La production nationale en ciment atteint 17,5 millions de tonnes et arrive à répondre aux besoins du marché algérien sans contrainte, selon le ministre. Considéré comme une matière première pour la production industrielle, le trafic et l'exportation frauduleuse des produits ferreux et non ferreux préoccupent les pouvoirs publics, d'où le renforcement de la lutte contre ces pratiques déloyales qui portent atteinte à l'économie nationale.
Le pays a enregistré la récupération de plus de 100.000 tonnes/an. Pour augmenter les capacités de récupération de ces produits, l'Etat a accordé un crédit de 4 milliards de dinars remboursable dans les deux ans qui suivent pour les entreprises spécialisées dans le domaine.

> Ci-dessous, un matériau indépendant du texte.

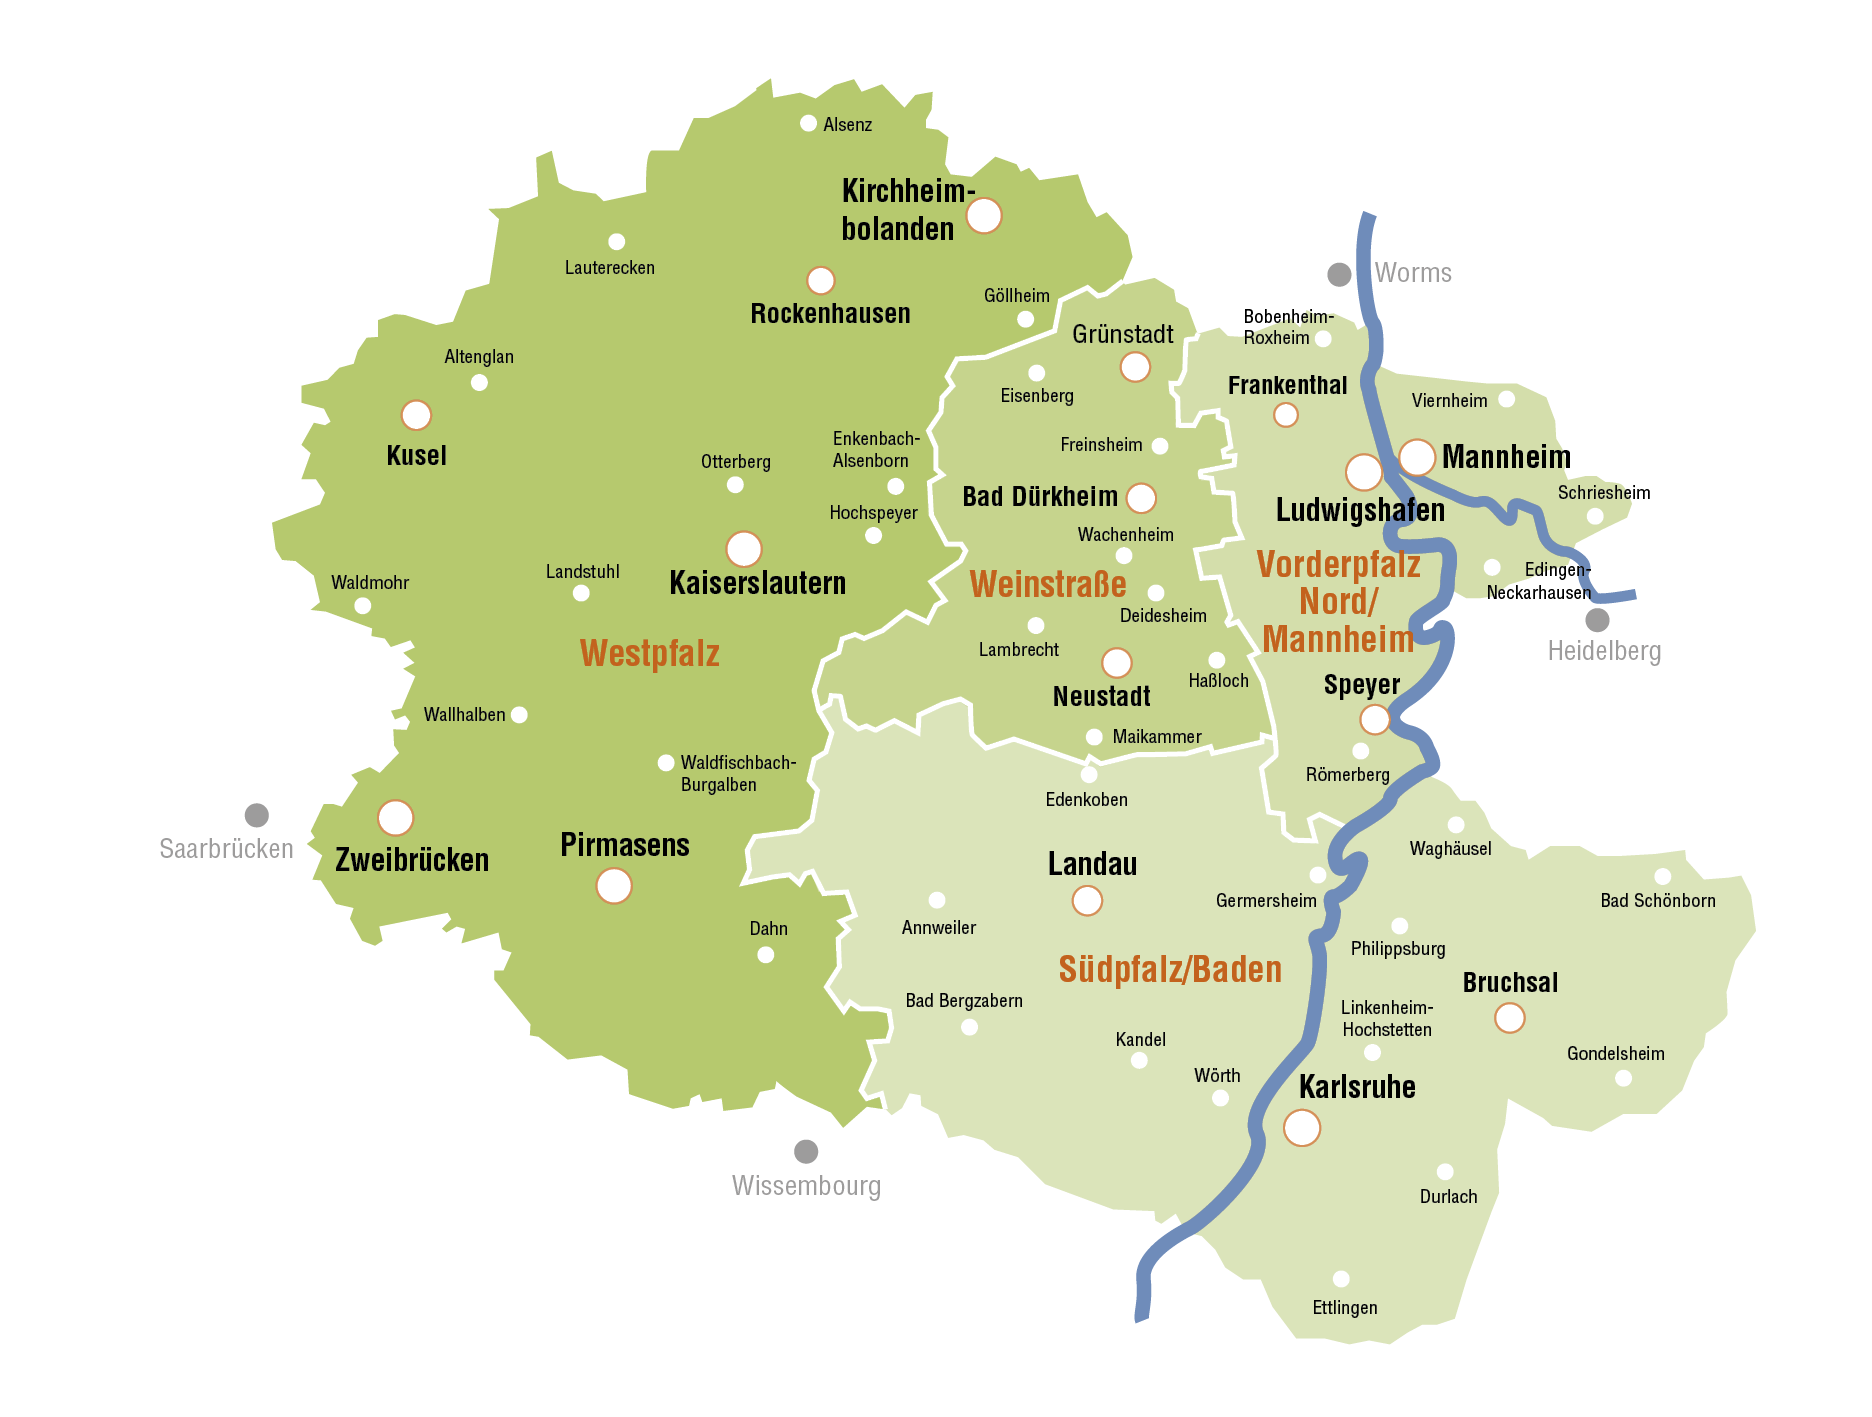 Die Karte für Ihre Werbeplanung über Mediawerk Südwest, welche die vier Regionalbereiche Westpfalz, Südpfalz/Baden, Vorderpfalz Nord/Mannheim und die Weinstraße sowie die verschiedenen Städte zeigt.

Au-delà des 3 usines présentes déjà dans le secteur des récupérations des déchets, Oran et Boumerdès bénéficient de la construction de deux usines qui seront chargées de la collecte et du traitement des déchets. Par ailleurs, les investissements enregistrés sont très faibles dans le Sud algérien malgré toutes les mesures incitatives qui sont prises par l'Etat afin d'encourager les investisseurs étrangers. Ces dernier accordent un vif intérêt au centre du pays en premier lieu, puis l'Est, l'Ouest et le Sud en dernier.
«Les investisseurs préfèrent s'installer là où l'environnement économique est plus important. L'autoroute, les ports, la main- d'oeuvre qualifiée et autres facteurs de proximité motivent davantage les investisseurs étrangers», selon le ministre de l'Industrie. La bureaucratie est un autre facteur de ralentissement et de blocage pour les investissements.